Out-of-control stars reveal hidden black holes among the galaxy’s closest neighbors

Astronomers have discovered strong evidence of the closest supermass black hole outside the Milky Way. This huge black hole is located in the large Magellan cloud, one of our own closest galactic neighbors.
To make this discovery, researchers tracked the roads with 21 stars of ultra-fine precision in the suburbs of the Milky Way. These stars travel so fast that they will escape the gravitational clutch of the Milky Way or nearby Milky Way. Astronomers call it “speeding” star.
Similar to how forensic experts reproduce the origins of bullets based on their trajectory, researchers identified the origins of these speeding stars. They found that about half of them were related to supermassive black holes in the center of the Milky Way. However, the other half originated elsewhere: giant black holes previously unknown in the Large Magellan Cloud (LMC).
“It’s shocking to be cosmic, we have another supermassive black hole below the block,” said Jesse Han of the Center for Astrophysics | Harvard and Smithsonian who lead the new research. “Black holes are so secretive that this is almost always under our noses.”
Researchers discovered this secret black hole by using data from the European Space Agency Gaia Mission is a satellite that tracks over a billion stars throughout the Milky Way with unprecedented accuracy. They also used improvements to the recently obtained galaxy orbits of LMC orbits, which other researchers recently obtained.
“We know these high-speed-level stars have been around for a while, but Gaia gives us the data we need to figure out where they really come from,” said Kareem El-Badry, co-author of the Caltech Institute in Pasadena, California. “By combining this data with our new theoretical model to enable the way these stars move, we have made this extraordinary discovery.”
High-speed stars are created when the binary star system ventures too close to a supermass black hole. The strong gravity of the black hole tear apart two stars, capturing one into the surrounding near-orbit. Meanwhile, another orphan star was abandoned at more than millions of miles per hour, and the speeding star was born.
A major study by the team is predicting through its theoretical model that a supermassive black hole in the LMC will create a group of high-speed stars in one corner of the Milky Way because of the way the LMC moves around the Milky Way. Stars popping up along the direction of LMC motion should get extra speed.
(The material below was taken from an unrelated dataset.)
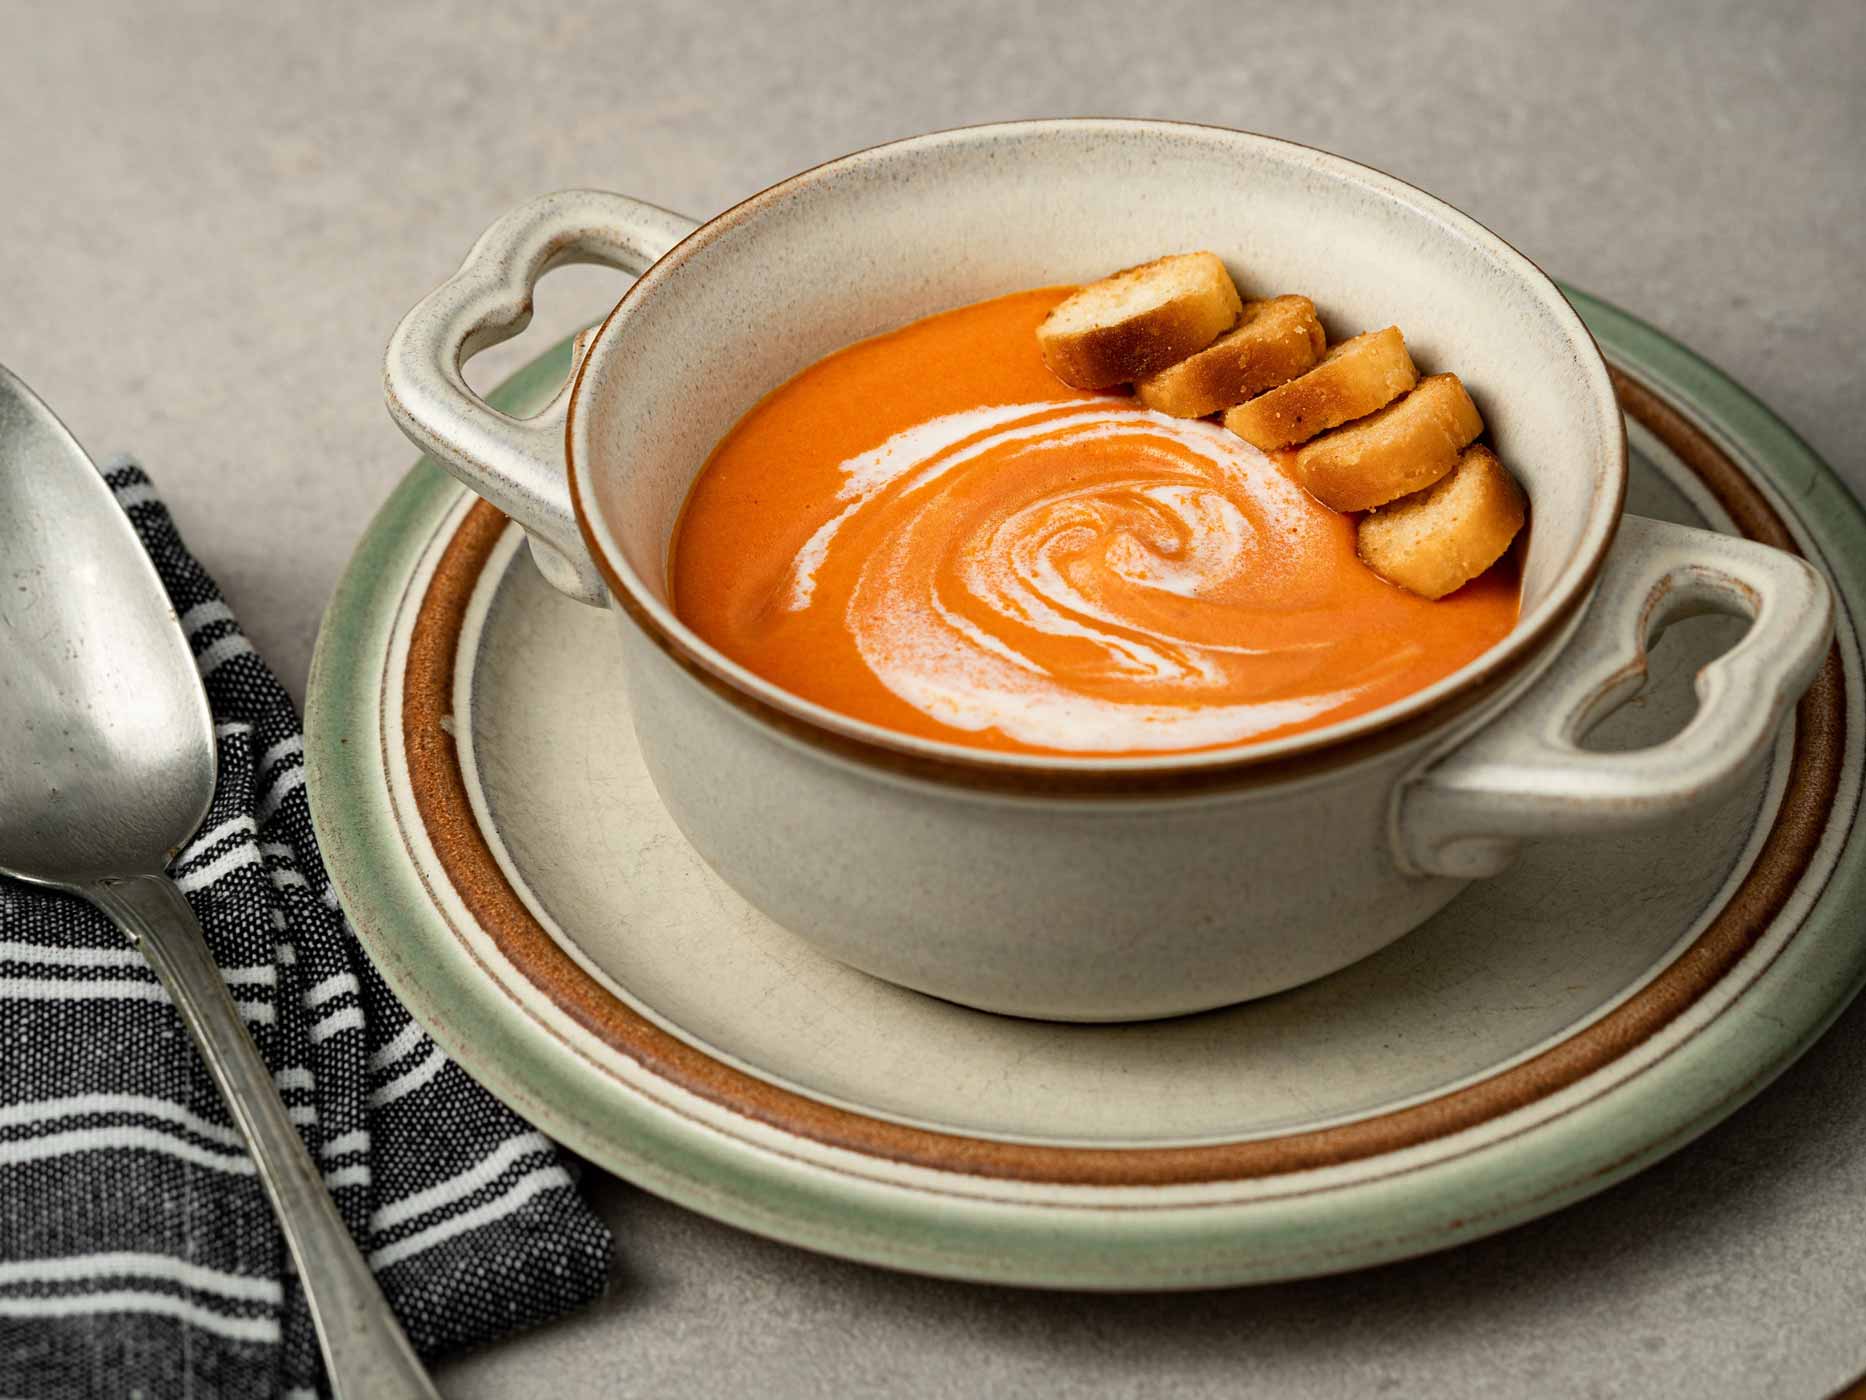 Cremige Kürbissuppe mit Croutons und Sahne verfeinert in einer Suppentasse.

In fact, their data reveals the existence of such clusters.
The team found that the properties of superspeed stars cannot be explained by other mechanisms, for example, when a companion experiences a supernova explosion or a star is ejected by the above-mentioned star, and the star is ejected by the mechanism described above as a binary star system, but without super-large black holes.
“The only explanation we can propose for these data is the existence of a monster black hole in the Milky Way next door,” said Scott Lucchini, also co-author of CFA. “So, in our cosmic community, it’s not just the supermassive black holes of the Milky Way that drive away stars from their galaxy.”
Using the speed of stars and the relative number of popped up by LMC and the Milky Way super black hole, the team determined that the mass of the LMC black hole is about 600,000 times the mass of the sun. For comparison, supermassive black holes in the Milky Way have about 4 million solar power. Elsewhere in the universe, there are supermassed black holes that are billions of times higher than the Sun.
A paper describing these results has been accepted for publication in the journal Astrophysics and is available here.